▸ **WORK TASK**: Please write out all the data that follows exactly, without the pictures.

Top of STORED DATA

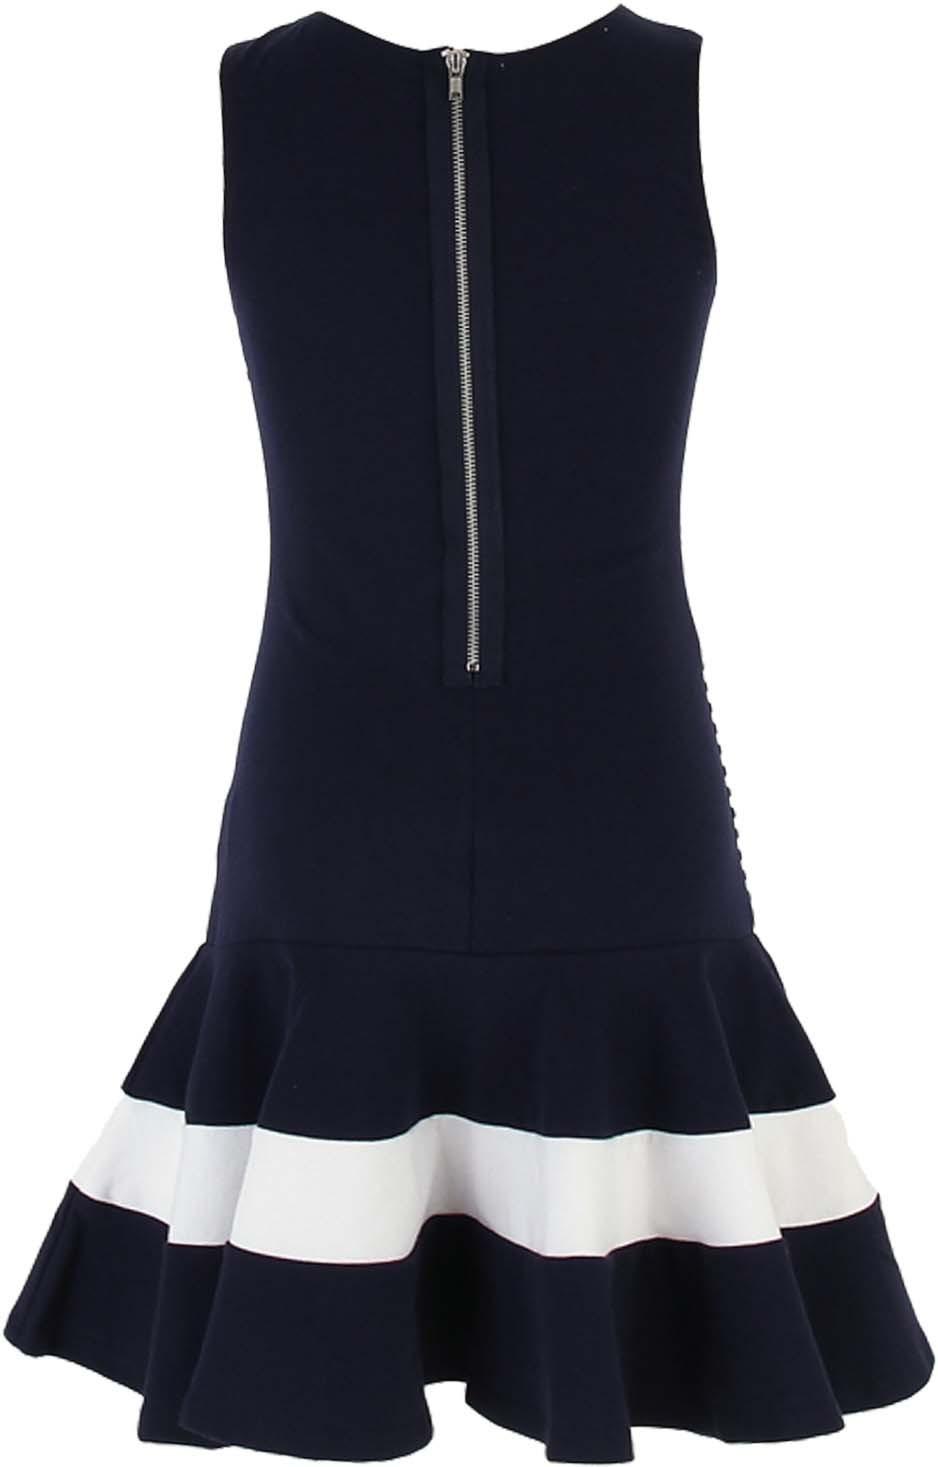 Kate Mack - Biscotti Big Girl Tween 7-16 Navy-Blue White Stripe Drop Waist Dress
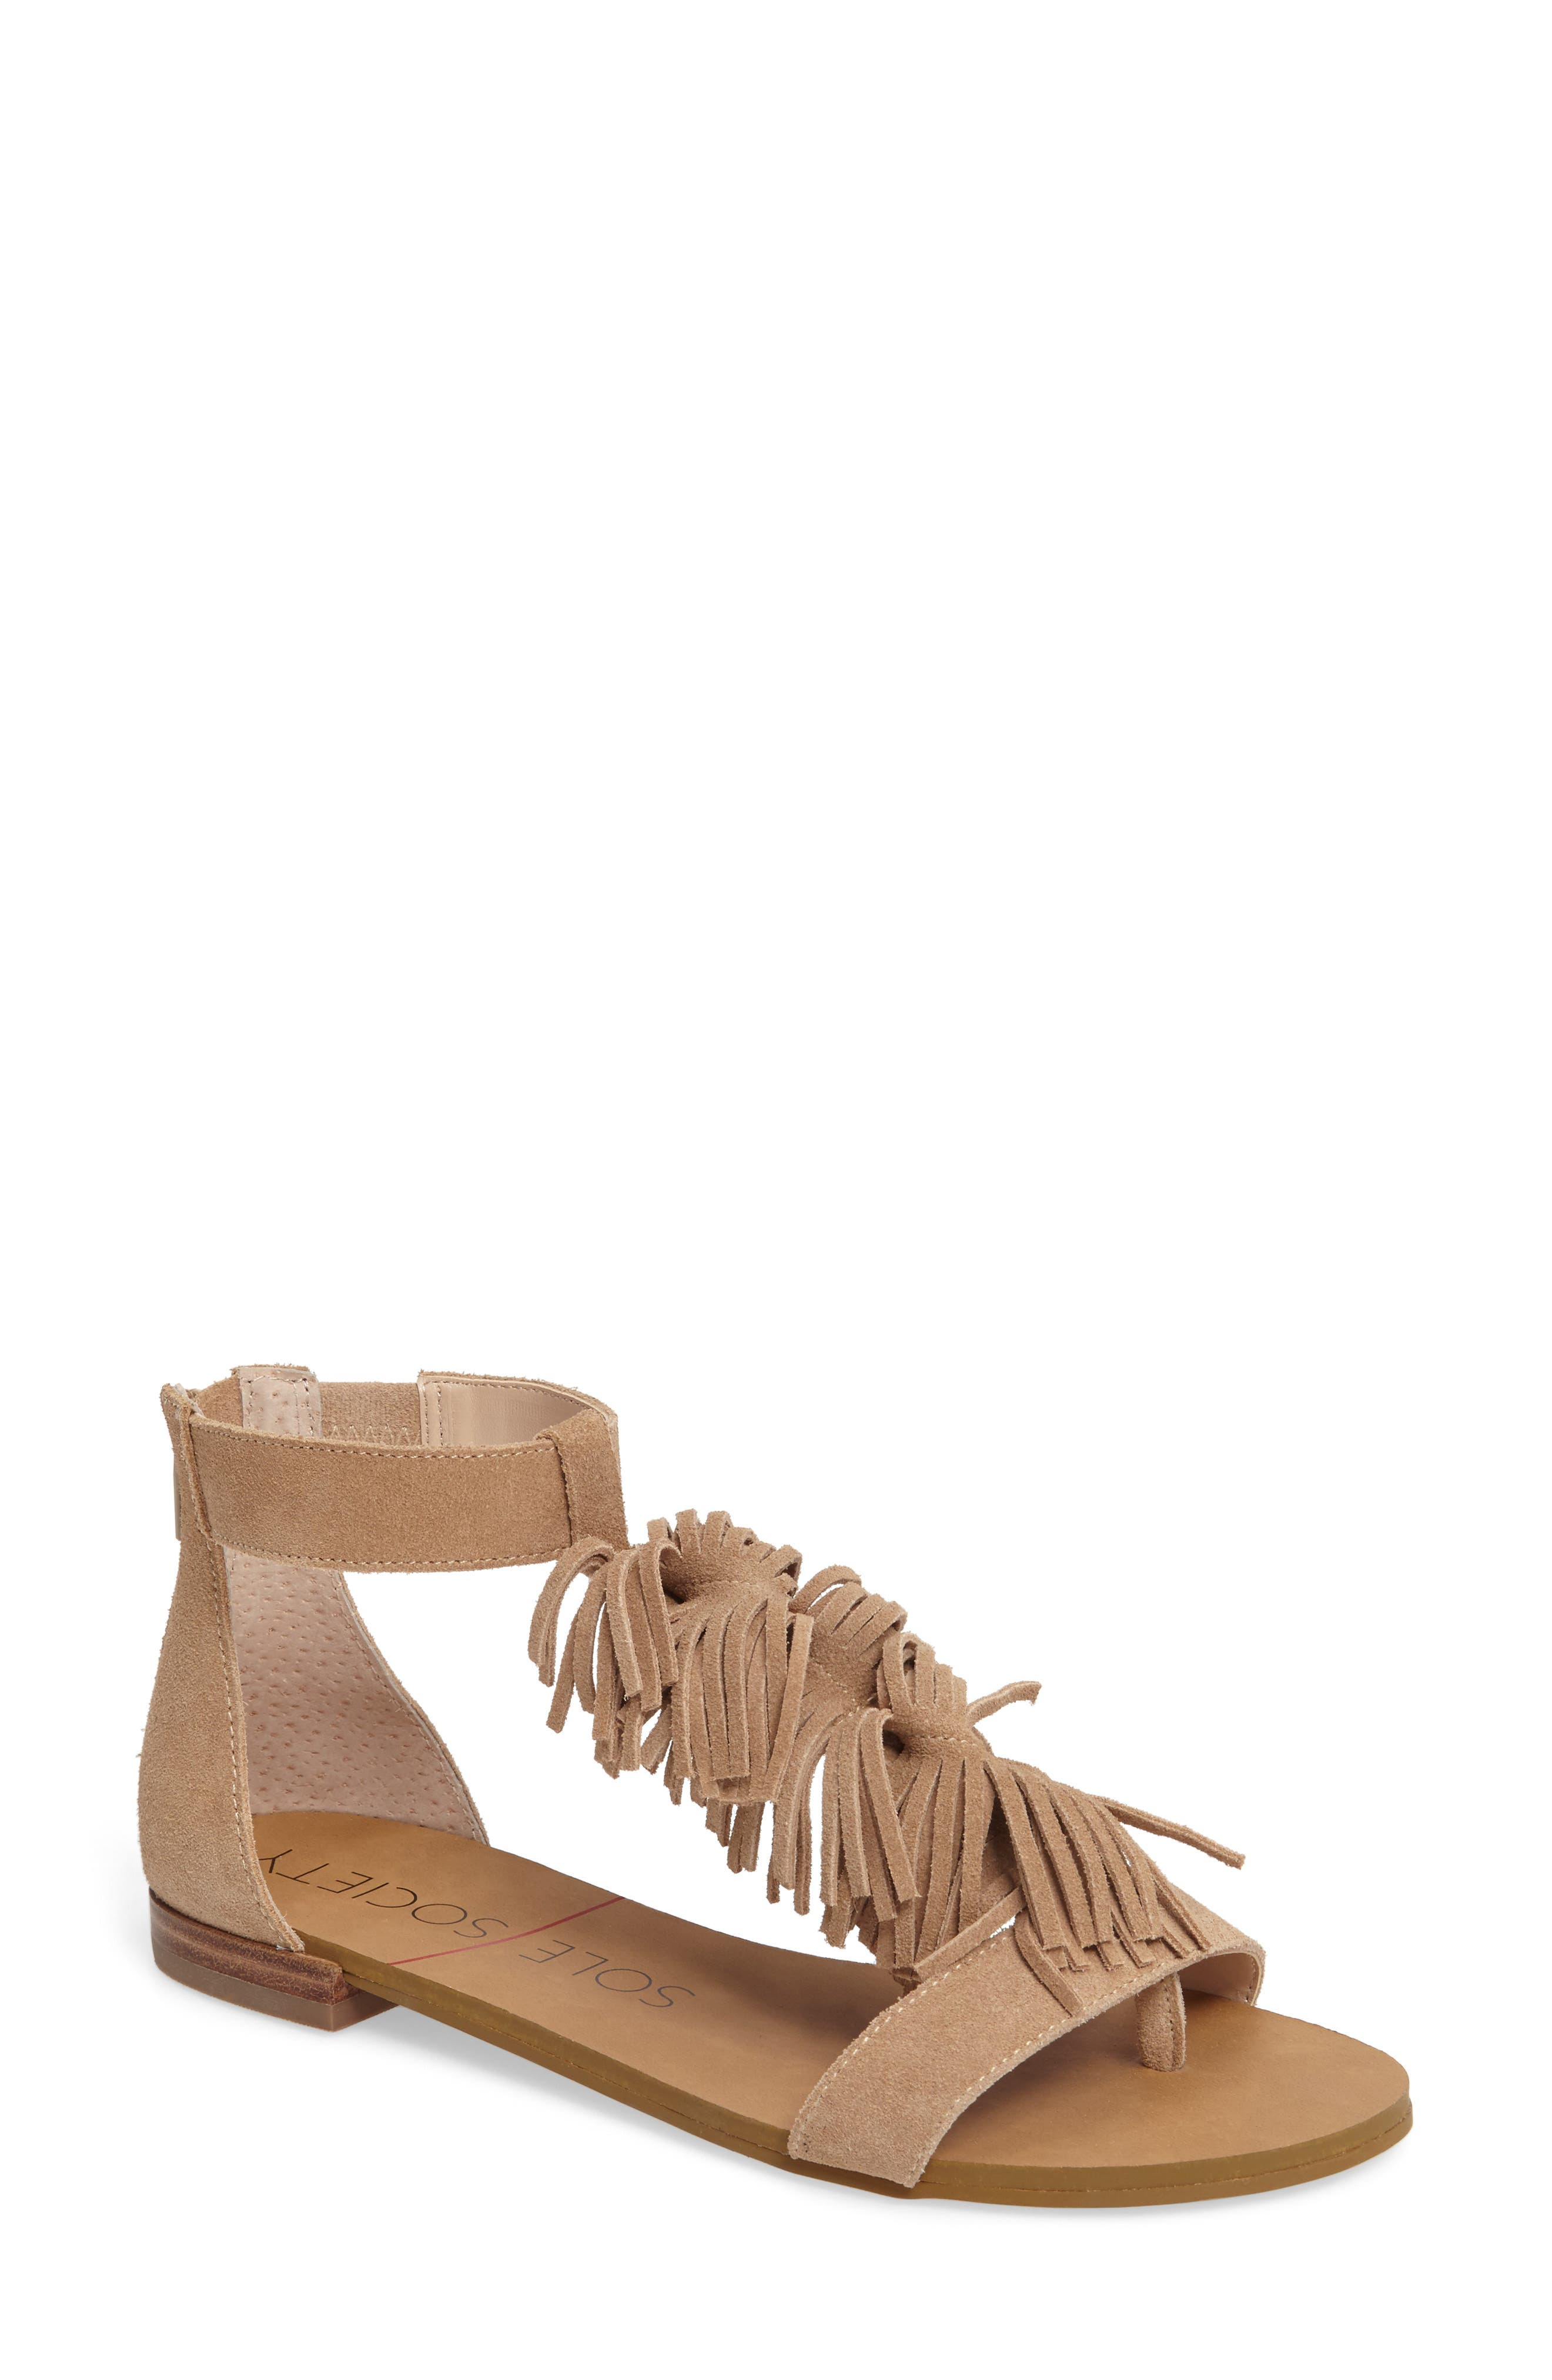 Koa Fringed T-Strap Sandal, Main, color, 200
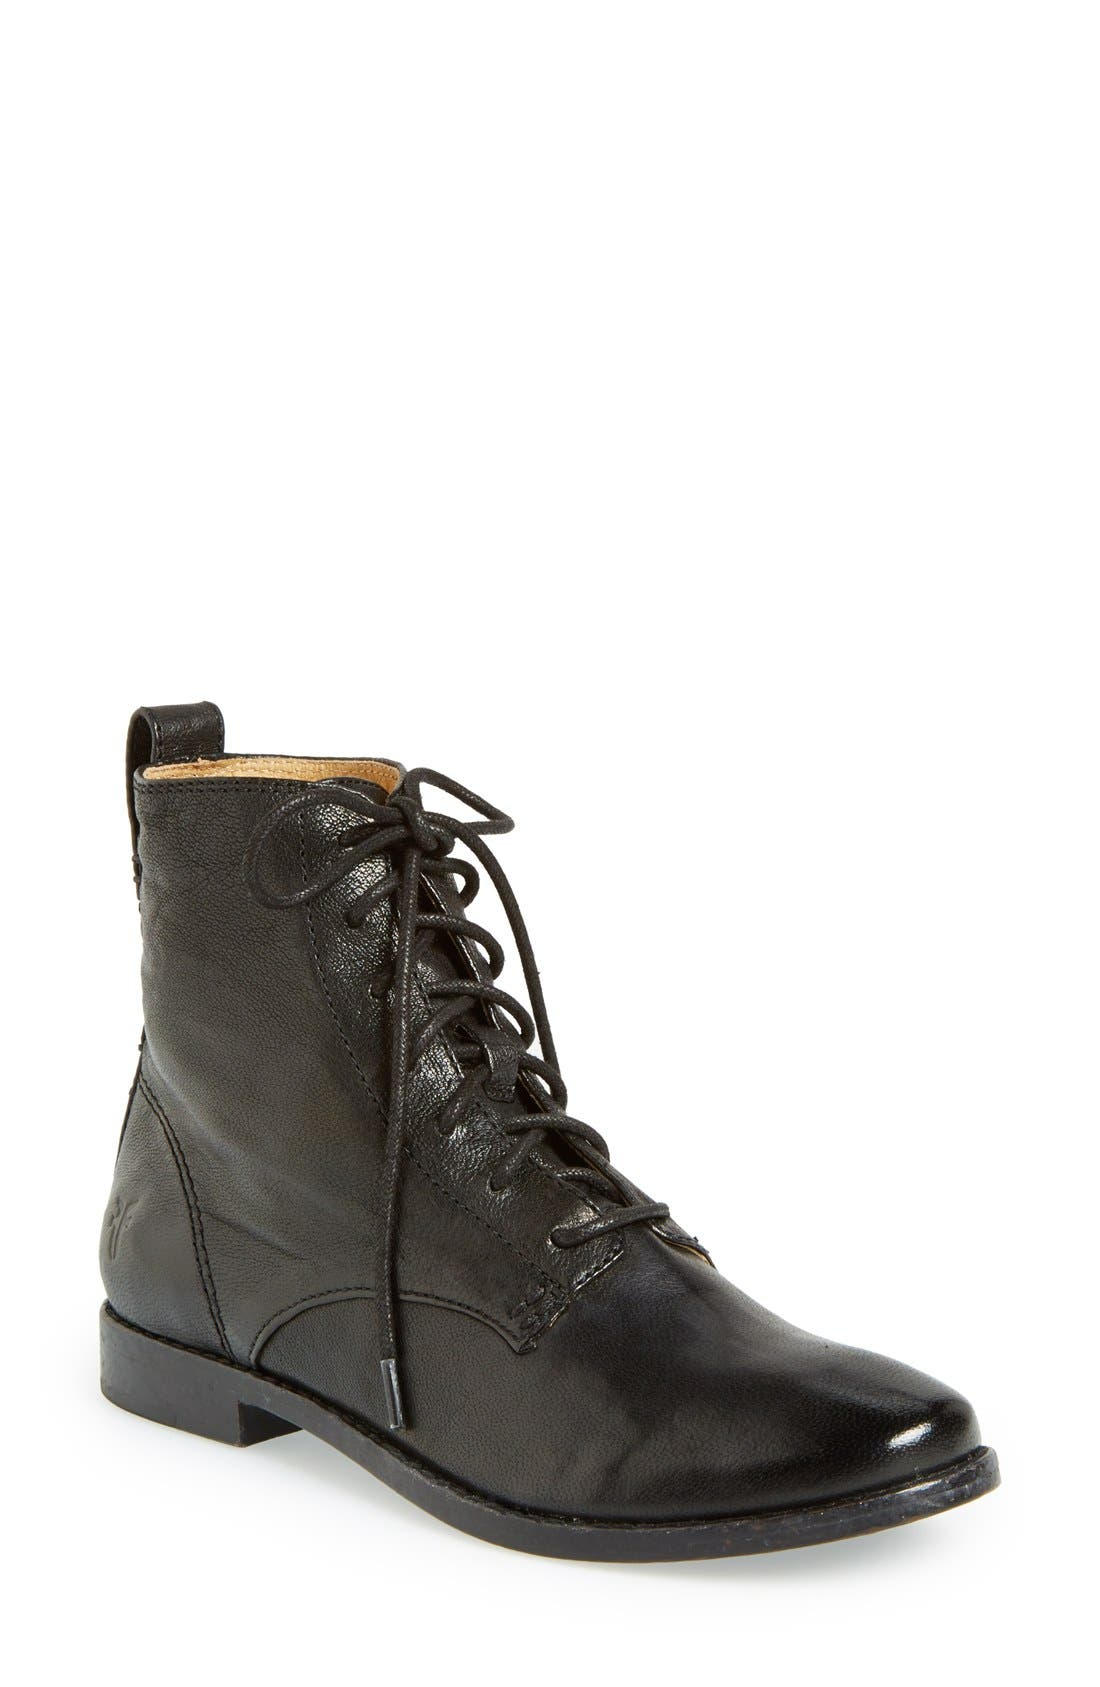 Main Image - Frye 'Anna' Lace-Up Boot (Women)

Bottom of STORED DATA

▸ **SOLUTION FOR THIS TASK**:
 Kate Mack - Biscotti Big Girl Tween 7-16 Navy-Blue White Stripe Drop Waist Dress
 Koa Fringed T-Strap Sandal, Main, color, 200
 Main Image - Frye 'Anna' Lace-Up Boot (Women)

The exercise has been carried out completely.